__What you need to do__. Would you please transcribe the data in full and exactly, excluding images?

__Data shown__.
= = =

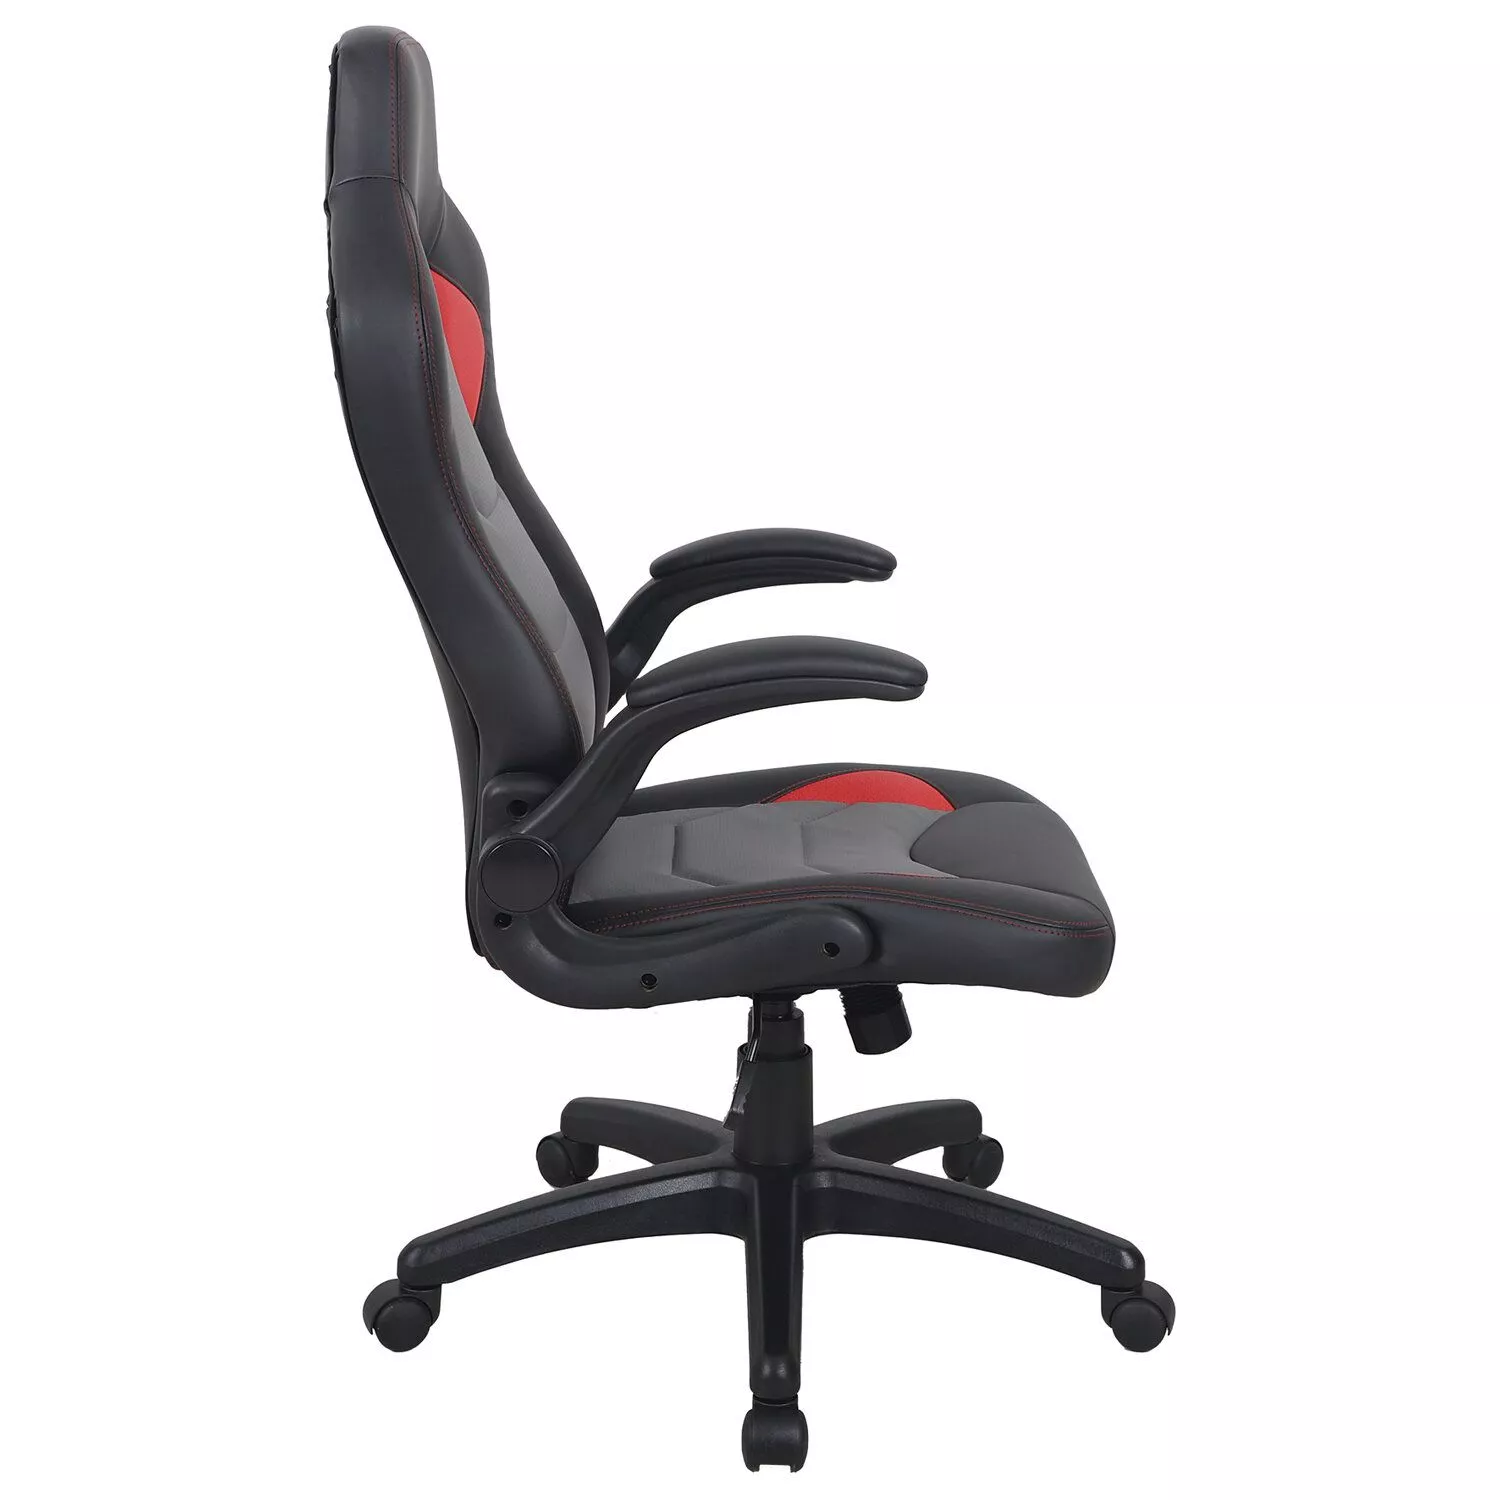 Кресло компьютерное BRABIX Skill GM-005 черный красный 532496
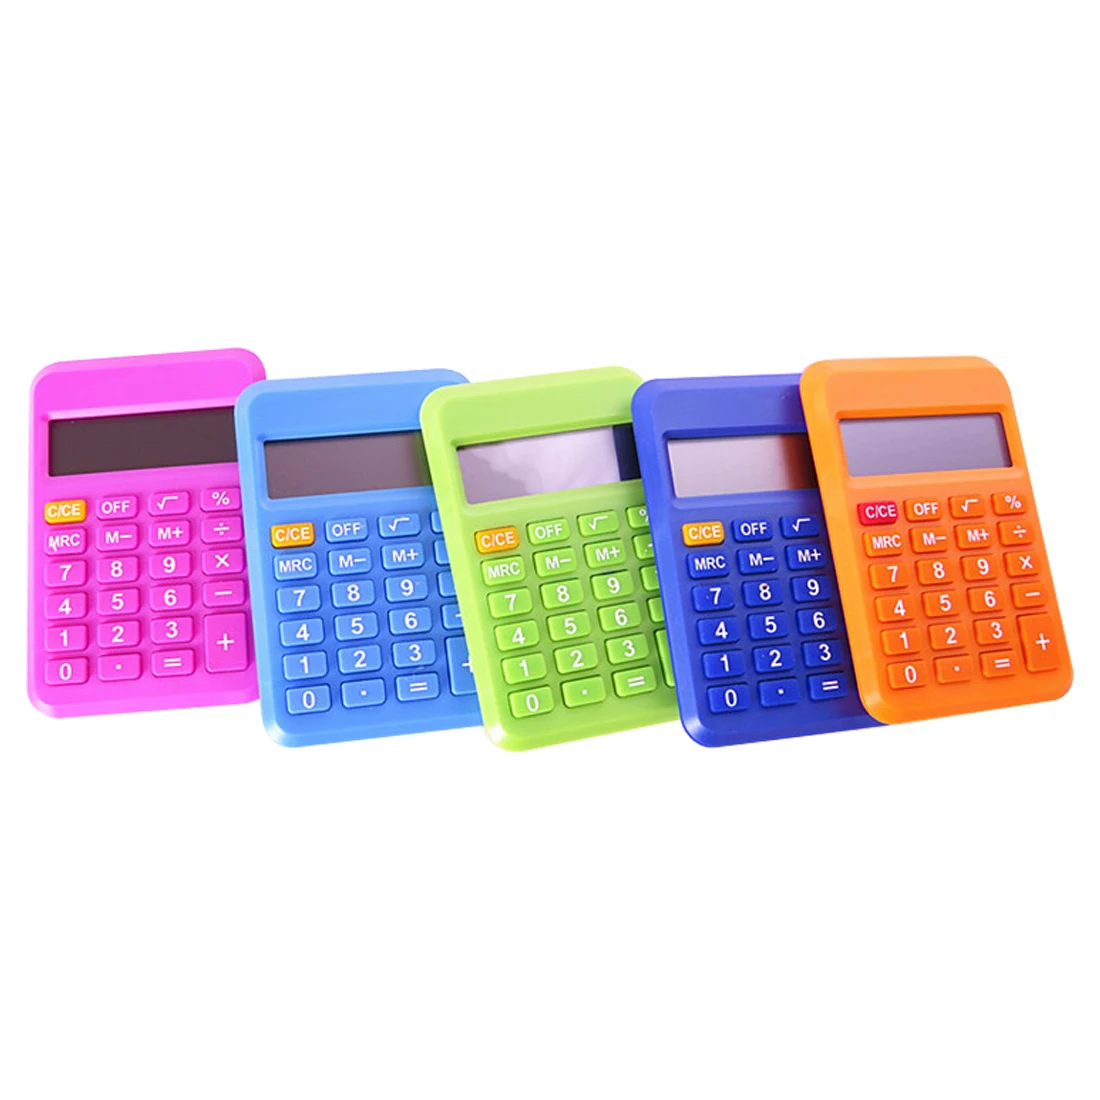 NOYOKERE Новое поступление студенческий мини электронный калькулятор карамельный цвет расчетные офисные принадлежности подарок 9*6 мм Размер случайный цвет
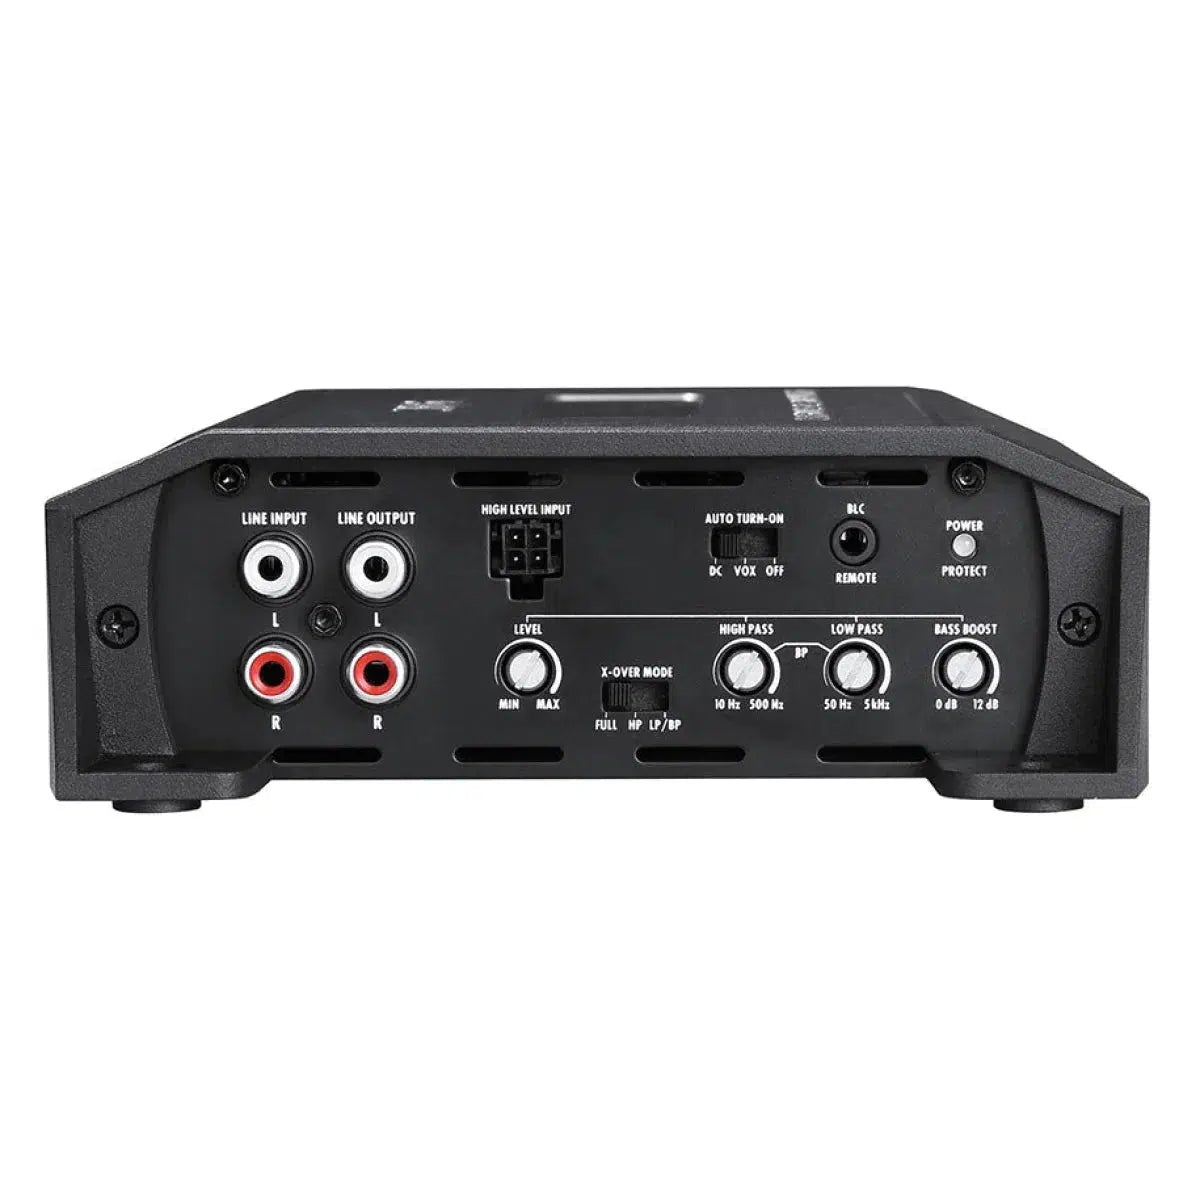 Amplificador de 2 canales Hifonics-Zeus ZXR600/2-Masori.de
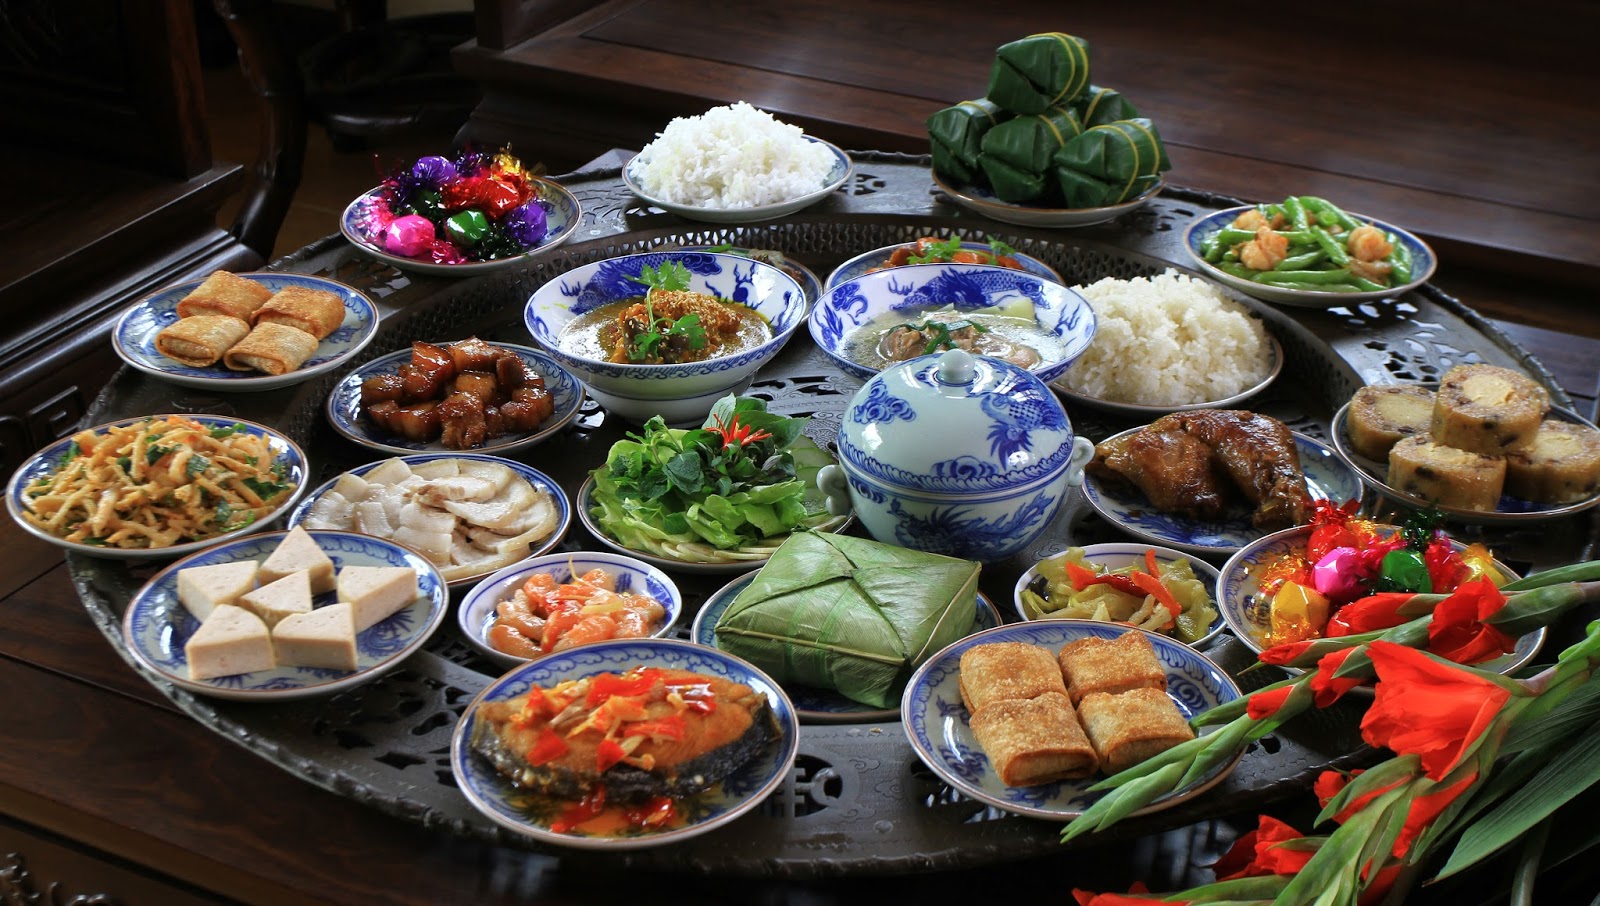 Văn hóa ẩm thực gia đình Việt Nam trong cuộc sống hiện đại

= = =

__Task result__.
 Кресло компьютерное BRABIX Skill GM-005 черный красный 532496
 NOYOKERE Новое поступление студенческий мини электронный калькулятор карамельный цвет расчетные офисные принадлежности подарок 9*6 мм Размер случайный цвет
 Amplificador de 2 canales Hifonics-Zeus ZXR600/2-Masori.de
 Văn hóa ẩm thực gia đình Việt Nam trong cuộc sống hiện đại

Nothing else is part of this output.